The following graphics illustrate the structure of a Teradata Database hash bucket number and the remainder (modulo) of the hashing operation on the primary index value for systems with 65,536 hash buckets and 1,048,576 hash buckets, respectively.

 

A 32-bit rowhash provides 4.2 billion possible rowhash values, which reduces hash collisions to a level that eliminates their impact on retrieval performance for all intents and purposes.

Because the number of possible index column values for a given domain can easily exceed that number of values, further information, called the uniqueness value, is required to make each row uniquely identifiable. This situation occurs for tables hashed on a nonunique primary index, where different rows can have the same primary index value, and so the same rowhash value, and also for tables hashed on a unique primary index if there is a hash collision.

The expectation is that all new customers will configure their systems to use the larger number of buckets no matter how many AMPs their system has. However, if your system currently uses a 16‑bit hash bucket size, you must decide when it is most advantageous for you to convert to the larger number of buckets.

This decision is based on the following factors.

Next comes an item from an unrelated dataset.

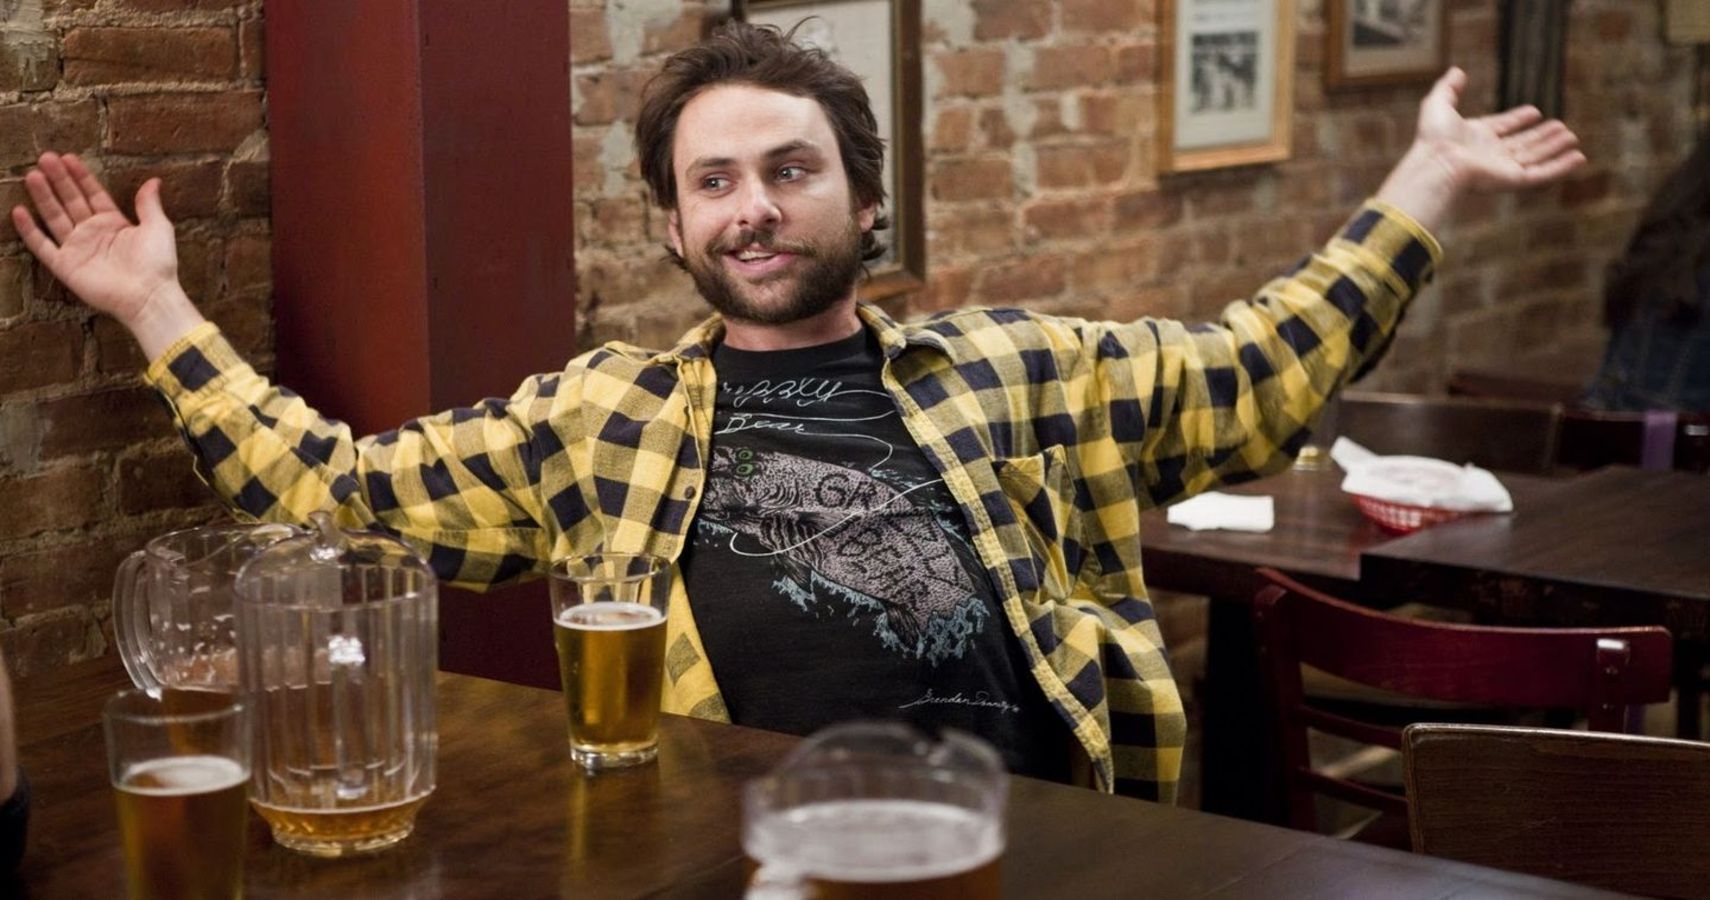 Ordering beer [It's Always Sunny in Philadelphia] : r/TelevisionQuotes

  • Whether the number of AMPs configured on the system results in a large enough imbalance to mandate a change to a 20‑bit hash bucket size.
  • When there is sufficient down time available to you to run the reconfiguration or to perform a sysinit and restore your data from an archive.
  • There is no simple formula to determine when this conversion should be done. The following table shows the percentage of imbalance that can be expected for a given number of AMPs. As the number of AMPs increases, the percentage of imbalance also increases. A system with 1,000 or more AMPs should consider converting to a 20-bit hash bucket size.

     

    Number of AMPs

     Number of Hash
           Buckets

      Low Number of
    Buckets Per AMP

     High Number of
    Buckets Per AMP

          Percentage
           Imbalance

                  100

              65,536

                 655

                 656

                 0.15

                  200

              65,536

                 327

                 328

                 0.31

                  300

              65,536

                 218

                 219

                 0.46

                  400

              65,536

                 163

                 164

                 0.61

                  500

              65,536

                 131

                 132

                 0.76

                  750

              65,536

                   87

                   88

                 1.14

               1,000

              65,536

                   65

                   66

                 1.52

               2,000

              65,536

                   32

                   33

                 3.03

               3,000

              65,536

                   21

                   22

                 4.55

               4,000

              65,536

                   16

                   17

                 5.88

               5,000

              65,536

                   13

                   14

                 7.14

               6,000

              65,536

                   10

                   11

                 9.09

               7,000

              65,536

                     9

                   10

               10.00

               8,000

              65,536

                     8

                     9

               11.11

               9,000

              65,536

                     7

                     8

               12.50

             10,000

              65,536

                     6

                     7

               14.29